Investment enhancement. Medicines for Europe and the EFCG are calling on national governments in Europe and the EU to support investments that stimulate the construction or modernization of production facilities and the adoption of innovative manufacturing technologies. From a mainly small- and medium-enterprise base, they note that API production involves technology and dedicated production lines with investments of between EUR 50 million ($52 million) and EUR 180 million ($187 million) per infrastructure and a completion time frame of three to six years. They say that elaboration of a financial–legislative framework for API investment in Europe would accelerate the re-location of production and prevent the extinction of current activities.

Support for competitive pricing. The industry groups also say that public funding schemes from EU member states and at an EU level can bring about a competitive environment by using, for example, mechanisms modelled on agricultural policy subsidies. They also say that public funding schemes should also be available for hiring staff and for training in the skills needed for high-quality European API production.

Environmental protection. By financially incentivizing and rewarding expenditures on environmentally friendly manufacturing, Medicines for Europe and the EFCG say that the EU would encourage industry to accelerate investment in Europe and that would further facilitate the EU’s Green Transition. They also say that the EU should also talk to other regions to ensure that all work cooperatively to minimize environmental impact and climate change.

Lighter and faster administrative procedures. Medicines for Europe and the EFCG are also calling for more time- and cost-efficient administrative procedures. They are recommending the following: fast-tracking approval for sustainable processing technologies such as new environmentally friendly synthesis routes; and digitalization of regulatory processes such as processes for registration and filing of changes in substances and procedures.

Non legislative support measures.
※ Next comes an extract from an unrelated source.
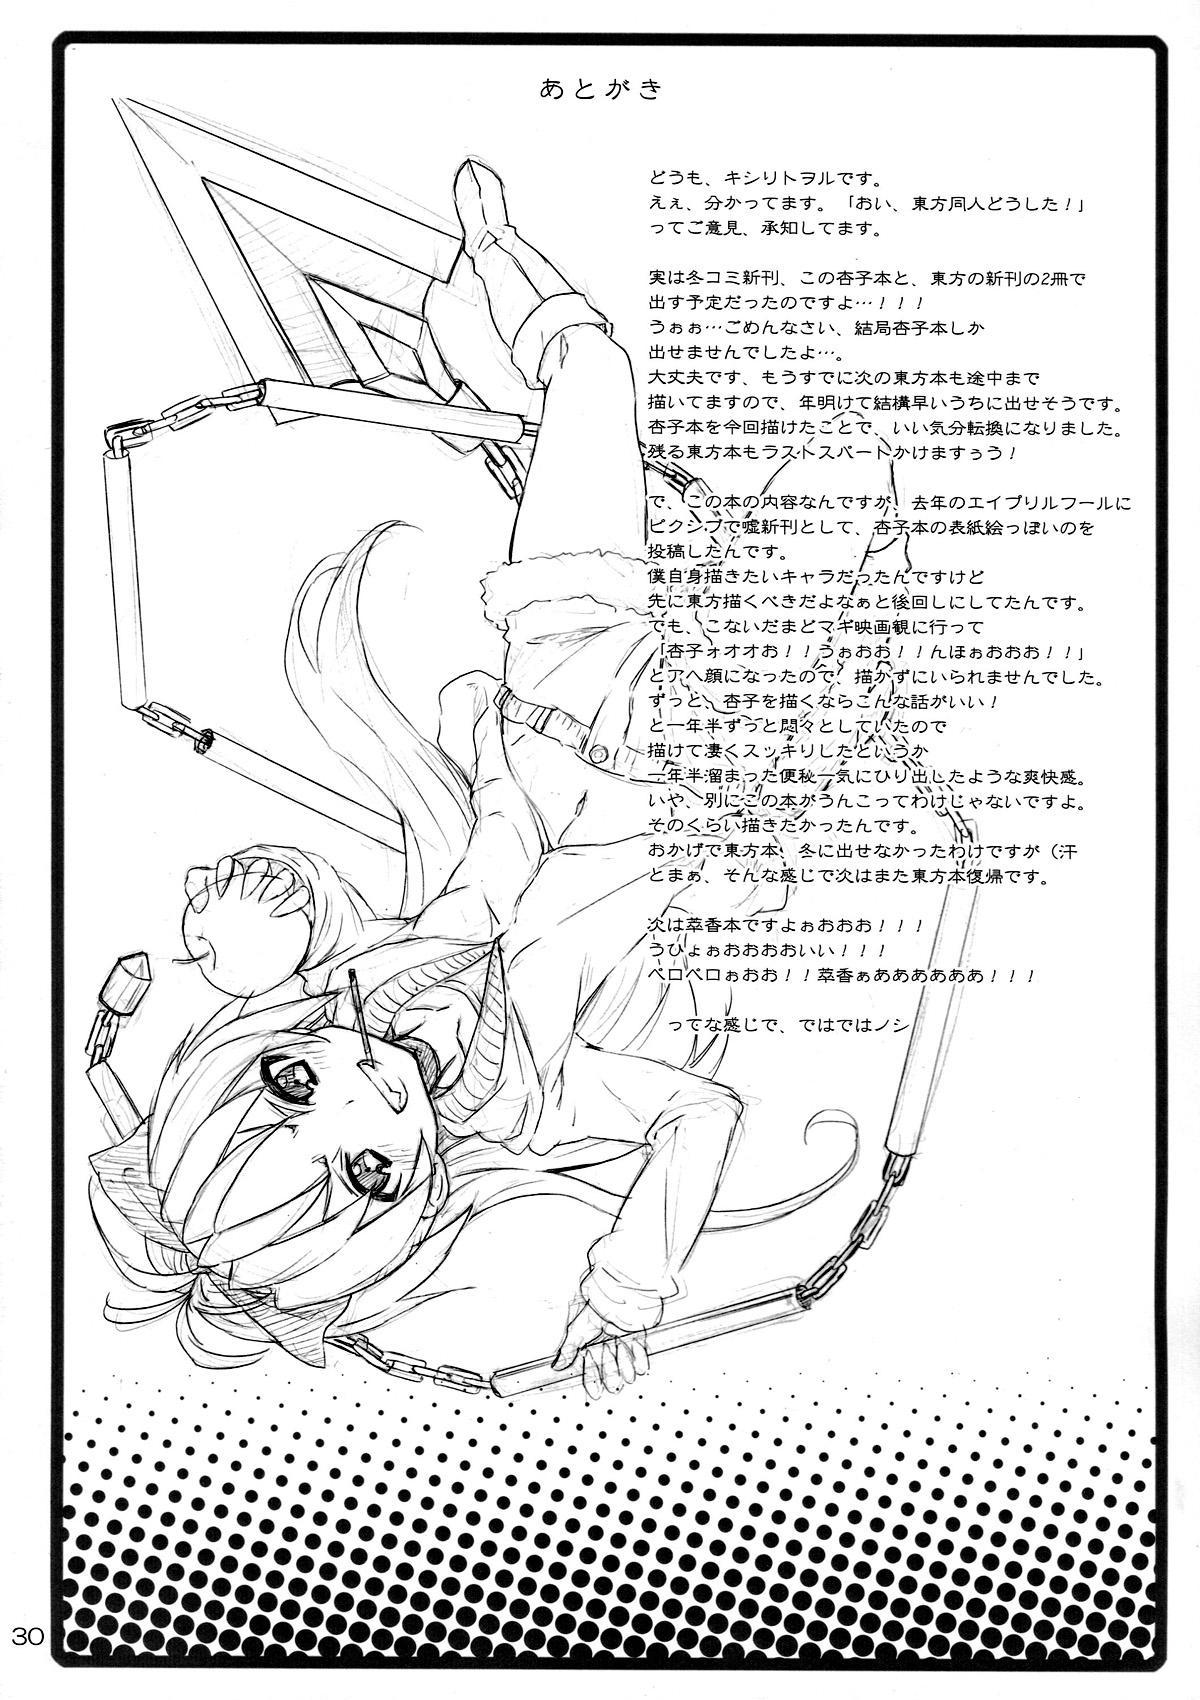 Kyouko to Itoshi no Bakayarou | Kyouko and Her Beloved Idiot 28

They are also recommending that authorities in reimbursement and procurement policy for medicines move toward using non-price-related criteria, such as backward integration of raw materials and intermediates, process innovations and improvements, and social and environmental factors, to reward the production of APIs in Europe.
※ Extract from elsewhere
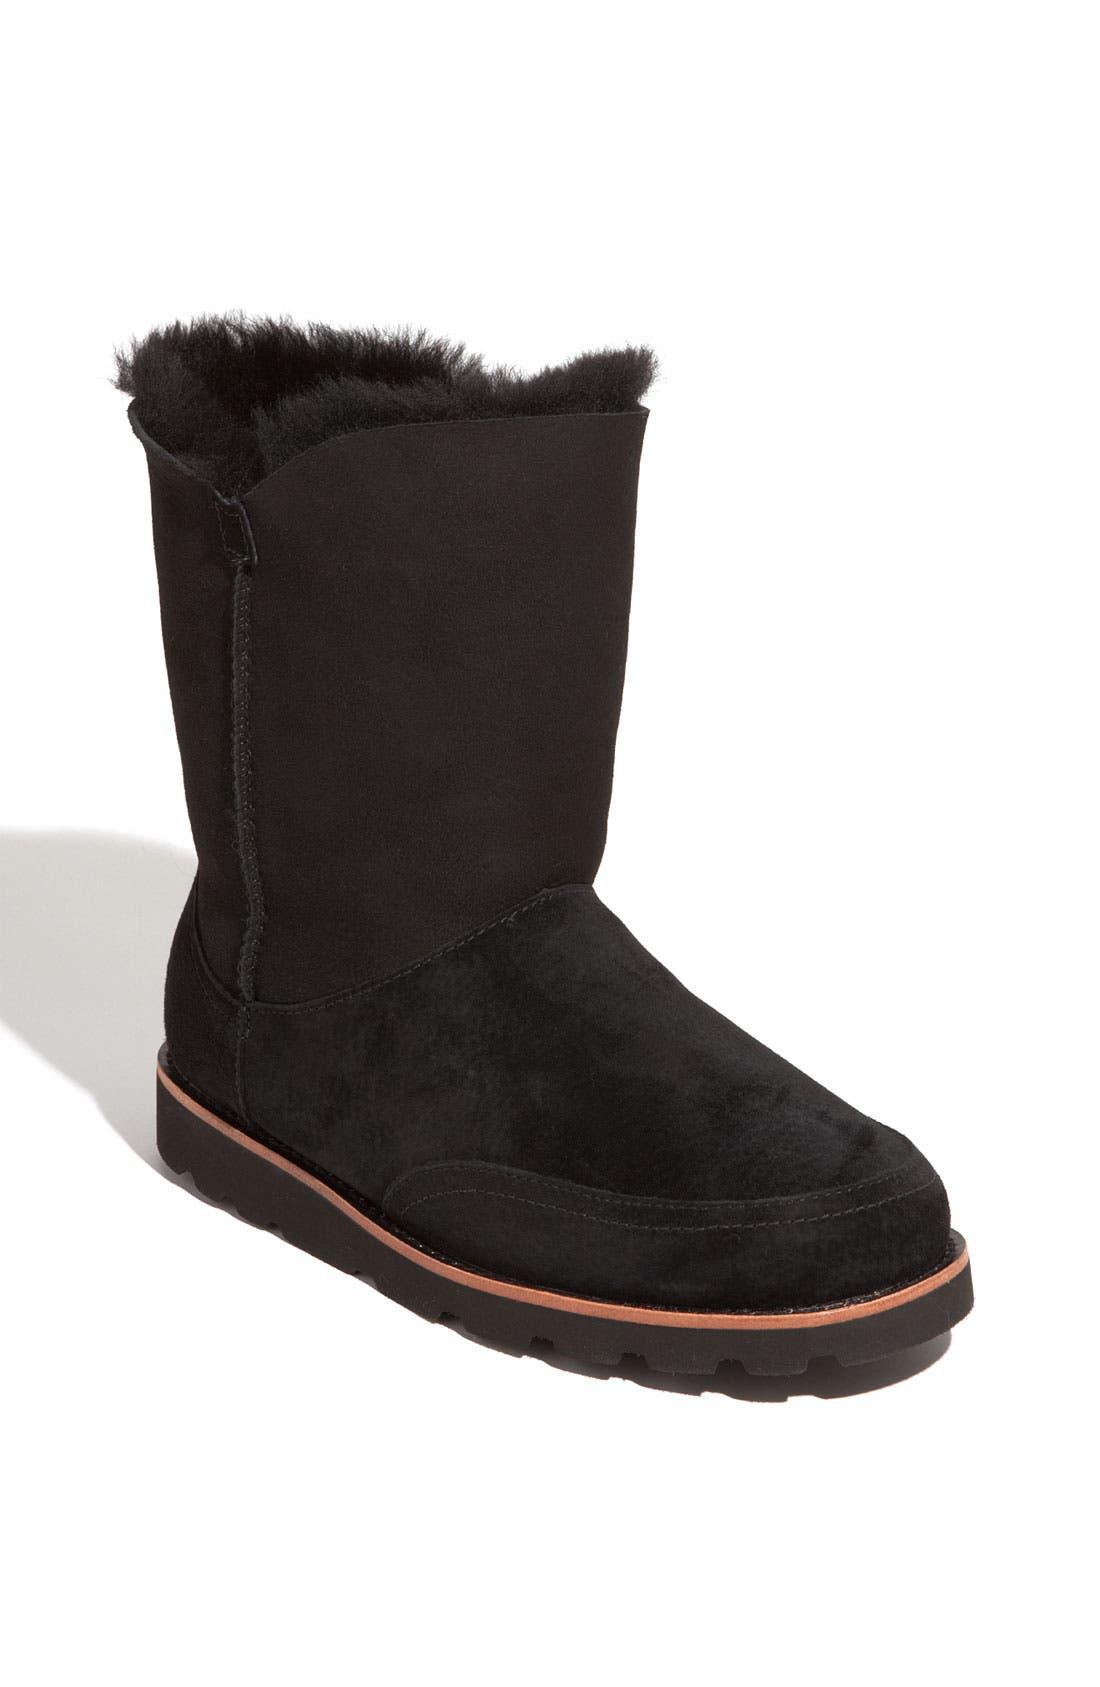 Australia 'Shanleigh' Boot,                         Main,                         color, 001

They are also calling for new pricing policies for mature drugs in order to ensure their supply. “Reimbursement decision makers should recognize that the pressure on the price of mature molecules and the successive price cuts have their limitations,” said Medicines for Europe and the EFCG in their joint paper. “Price erosion should not be allowed to go beyond the point where production is no longer financially viable.”

They say that a pricing doctrine for mature drugs should be adapted to reflect their industrial, environmental, and social benefits and their role in maintaining security of supply and increasing access to medicines. They are calling for a threshold price for mature medicines that takes into consideration the over-consolidation of API production. They say where this is demonstrated, payers could introduce changes to the generic reference price system, similar to the Canadian “ladder” model.